La psico-oncologa del tributo di Allevi dice anche: “Allevi mostra come sia possibile trascendere la crisi di una malattia seria così da accedere ad una differente prospettiva sulla vita che paradossalmente apre la mente a nuovi orizzonti e aggiunge umanità e valore ai giorni”. Non per tutti però la malattia equivale a vedere il ‘bicchiere mezzo pieno’. A tal proposito infatti la psico-oncologa precisa come a questa visione “alcune persone ci arrivano da sole per una capacità personale, altri invece non ce la fanno, presentano una sofferenza emozionale da moderata a grave. È importante sapere che si può essere aiutati da efficaci interventi specialistici psico-oncologici– ribadisce l’esperta- oggi una realtà in molti servizi pubblici di oncologia ed ematologia. Certo la malattia è meglio non averla, ma se capita può ‘costringere’ ad una riflessione profonda sul senso dell’esserci, sulle relazioni, sul futuro per offrire opportunità di cambiamenti esistenziali, come spesso capita nei momenti di crisi. In letteratura tutto questo processo si chiama con un temine che è quello ‘crescita post traumatica’, una reazione ‘positiva’ ad un evento traumatico che invece che annientare fa diventare chi lo vive un essere umano più ricco e forse anche migliore”.

Allevi sul palcoscenico dell’Ariston usa la parola ‘guerriero’ come ‘reazione’ alla malattia… “C’è chi ‘ama’ usare la parola ‘guerriero’- precisa Costantini- perché rende l’idea della resistenza ad un invasore a cui non ci si deve arrendere, dello sforzo di contrastare il senso di impotenza che può scaturire dalla malattia. Il rischio di usare questa parola sta nel fatto che in ogni guerra, anche il più coraggioso dei guerrieri, può soccombere. Allora- ripete- l’importante è non sentirsi sconfitti. Attenti a usare dunque questo termine. Allevi ha citato la parola ‘guerriero’ perché evidentemente corrisponde al suo sentire, alla sua esperienza maturata in questi due anni di malattia”.

Se la parola guerriero può essere un termine scivoloso la persona che si confronta con la malattia e cerca di portare avanti con dignità la sua esistenza personale, relazionale e lavorativa, come si può definire? “Si tratta certamente di un essere umano coraggioso– risponde sicura la psico-oncologa- Io ho sempre rispettato dei miei pazienti il coraggio con cui affrontano le prove fisiche, relazionali e psicologiche che la malattia comporta. A volte il coraggio se uno non ce l’ha bisogna darglielo e aiutare a trovarlo. Io non so se Allevi abbia affrontato la malattia da solo, o abbia ricevuto aiuto dai familiari, dal personale curante o da uno psicologo esperto. Certo è un esempio di valore e di speranza per altri pazienti. In ogni caso credo sia importante far sapere alle persone che se da soli non si riesce a sostenere un peso del genere, è necessario parlare con il proprio oncologo o ematologo e chiedere se esiste nella struttura un servizio di psico-oncologia cui rivolgersi per assistenza psicologica nel percorso di cura”.

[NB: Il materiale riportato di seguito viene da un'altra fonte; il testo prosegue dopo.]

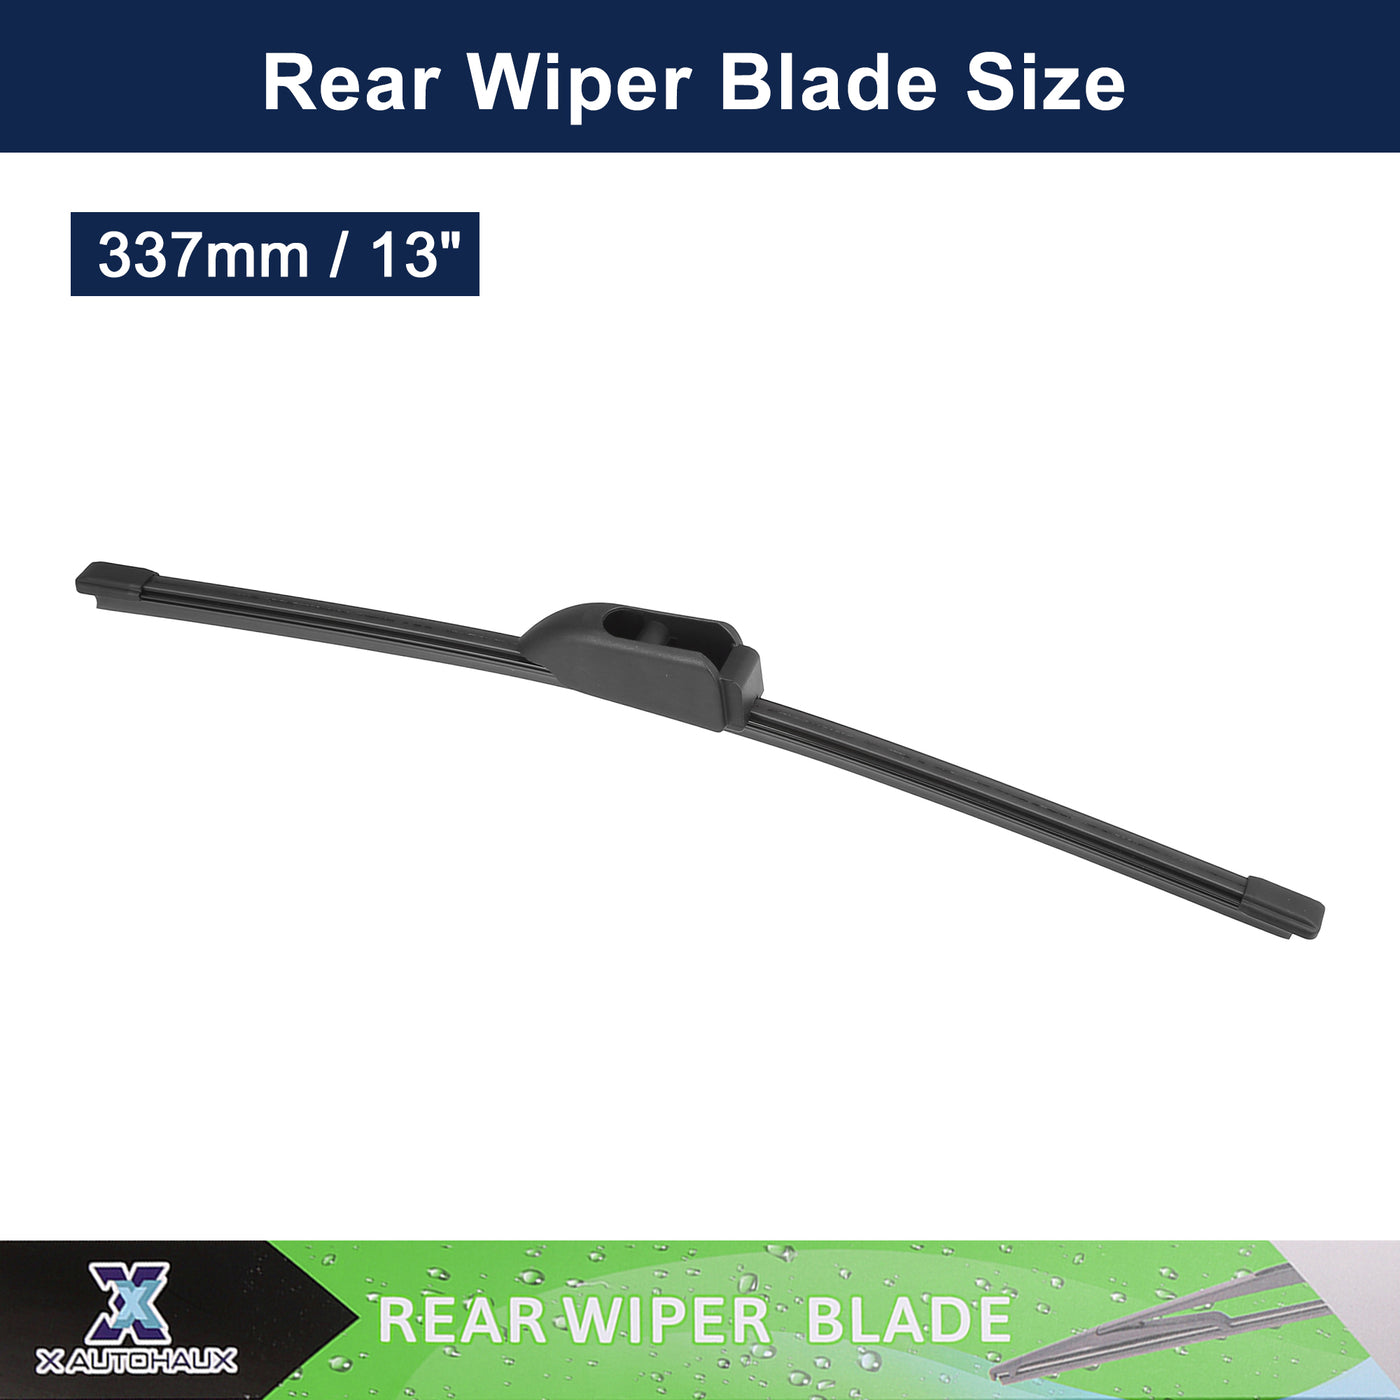 X AUTOHAUX 2pcs Rear Windshield Wiper Blade Replacement for Hyundai Elantra 2012-2017 for Hyundai Elantra GT 2012-2017 for Kia Optima 2015-2018

Nonostante tutto l’argomento tumore è ancora molto scomodo, ma stiamo andando avanti anche a livello legislativo. Infatti, fa sapere in conclusione l’esperta che “la Regione Lazio il 6 febbraio scorso ha presentato in una Conferenza a Roma la proposta di legge n 119 del 1 dicembre 2023 a firma Roberta Della Casa, per l’istituzione dell’assistenza psicologica al paziente oncologico e onco-ematologico nel servizio sanitario regionale, una legge che grazie anche a percorsi formativi mira a garantire a tutti i pazienti e ai loro familiari in carico a servizi di oncologia, ematologia e ricoverati in Hospice o servizi di cure palliative del Lazio, la possibilità di accedere a cure psico-oncologiche specialistiche. Una proposta di legge equa ed attesa che immagino sicuramente verrò approvata a brevissimo”.